=== Section Start ===
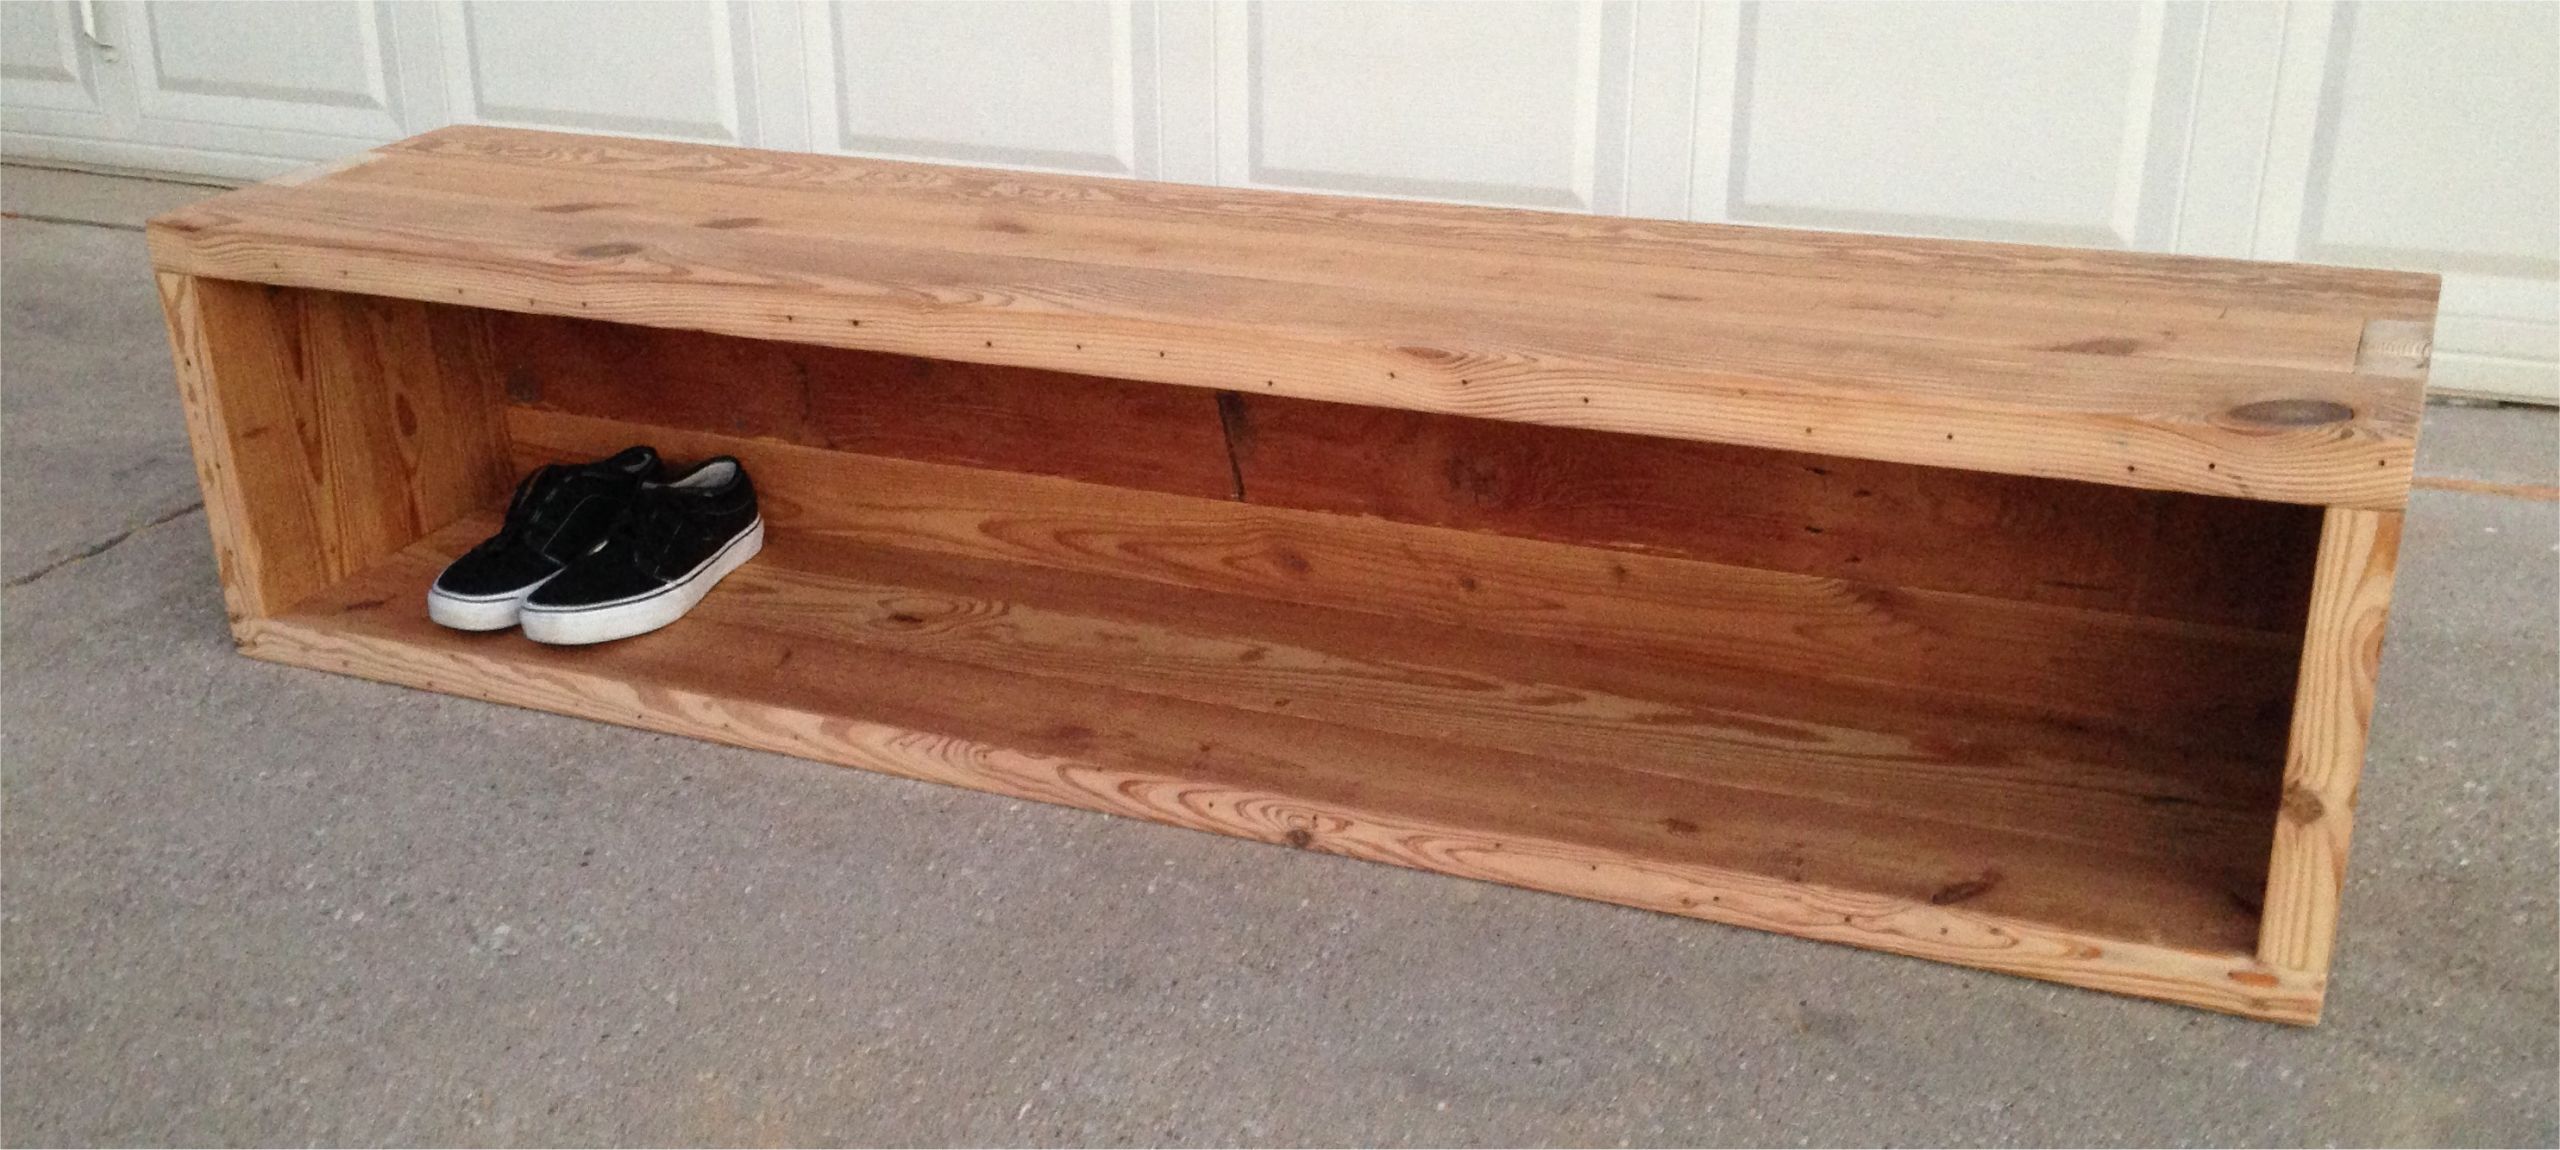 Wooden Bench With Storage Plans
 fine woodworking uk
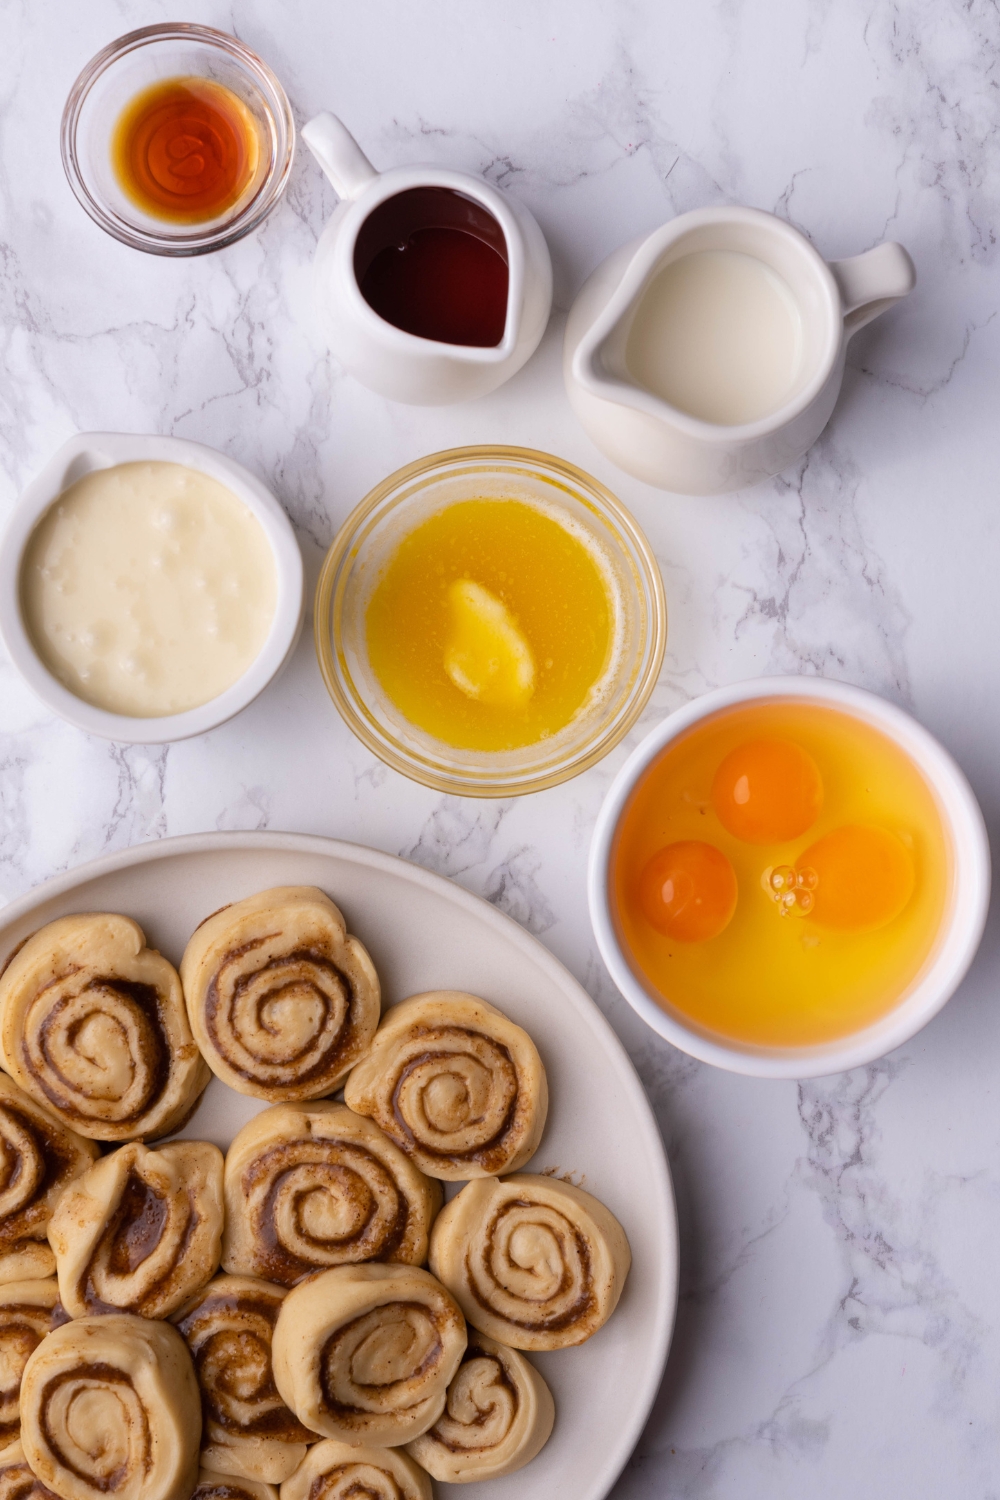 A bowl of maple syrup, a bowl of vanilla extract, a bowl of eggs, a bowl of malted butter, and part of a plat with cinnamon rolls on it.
=== Section End ===
Directions for this task =>
Reproduce the whole listing verbatim. Pictures stay out of the copy.

Answer for this exercise =>
 Wooden Bench With Storage Plans
 fine woodworking uk
 A bowl of maple syrup, a bowl of vanilla extract, a bowl of eggs, a bowl of malted butter, and part of a plat with cinnamon rolls on it.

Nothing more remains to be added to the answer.